Gaussian blur your signal with the expected width of your peaks.
this gets rid of noise spikes and your phase data is undamaged.
Then edge detect (LOG will do)
Then your edges were the edges of features (like peaks).
look between edges for peaks, sort peaks by size, and you're done.
I have used variations on this and they work very well.
I think you want to cross-correlate your signal with an expected, exemplar signal. But, it has been such a long time since I studied signal processing and even then I didn't take much notice.
I don't know very much about instrumentation, so this might be totally impractical, but then again it might be a helpful different direction. If you know how the readings can fail, and there is a certain interval between peaks given such failures, why not do gradient descent at each interval. If the descent brings you back to an area you've searched before, you can abandon it. Depending upon the shape of the sampled surface, this also might help you find peaks faster than search.

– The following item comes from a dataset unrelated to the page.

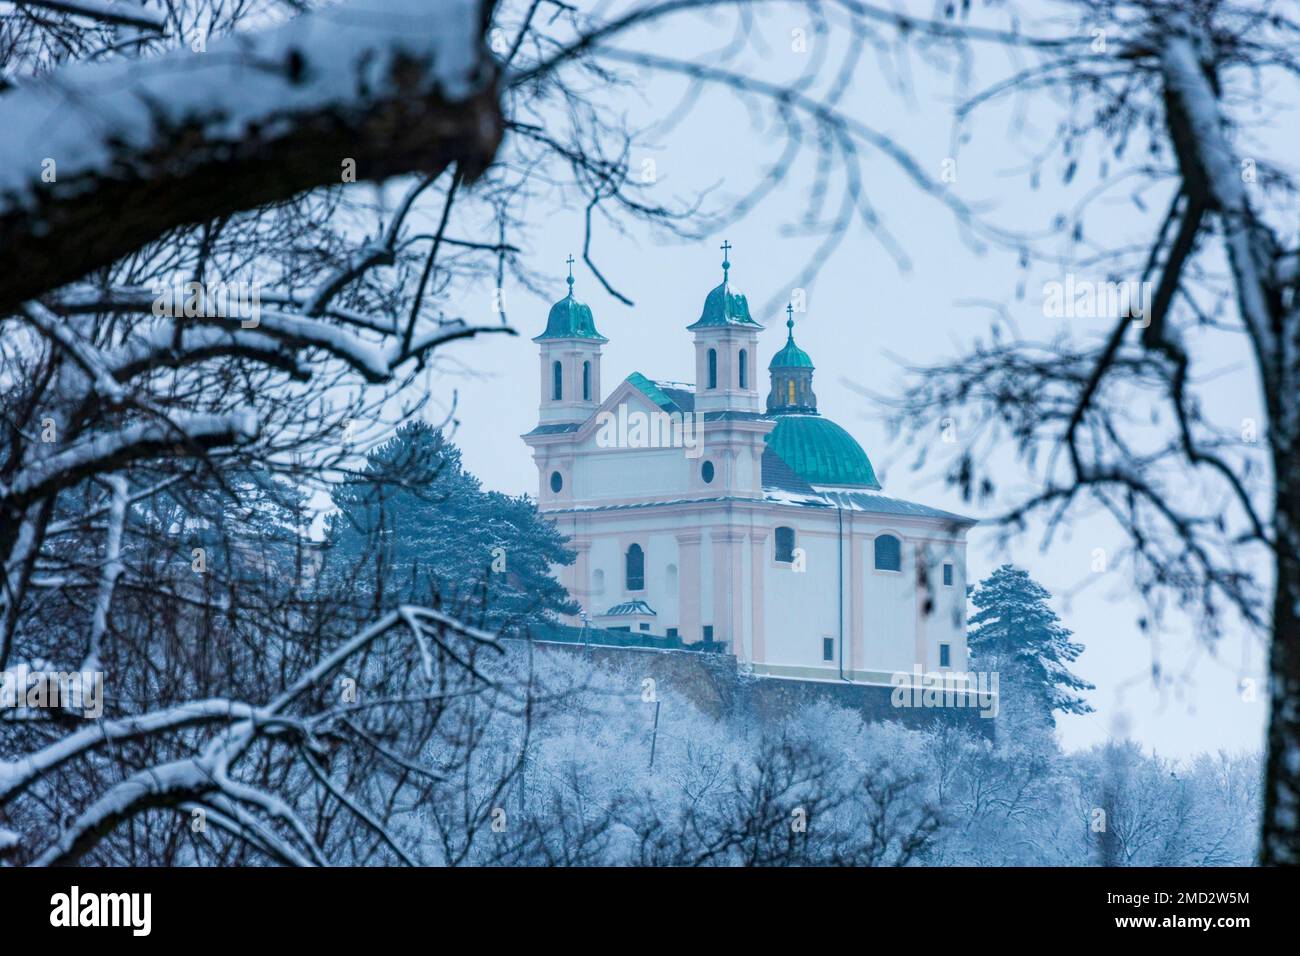 Wien, Vienna: chiesa Leopoldskirche sul monte Leopoldsberg, neve su rami d'albero nel 19. Döbling, Vienna, Austria Foto Stock

Is there a qualitative difference between the desired peak and the unwanted second peak? If both peaks are "sharp" -- i.e. short in time duration -- when looking at the signal in the frequency domain (by doing FFT) you'll get energy at most bands. But if the "good" peak reliably has energy present at frequencies not existing in the "bad" peak, or vice versa, you may be able to automatically differentiate them that way.
You could apply some Standard Deviation to your logic and take notice of peaks over x%.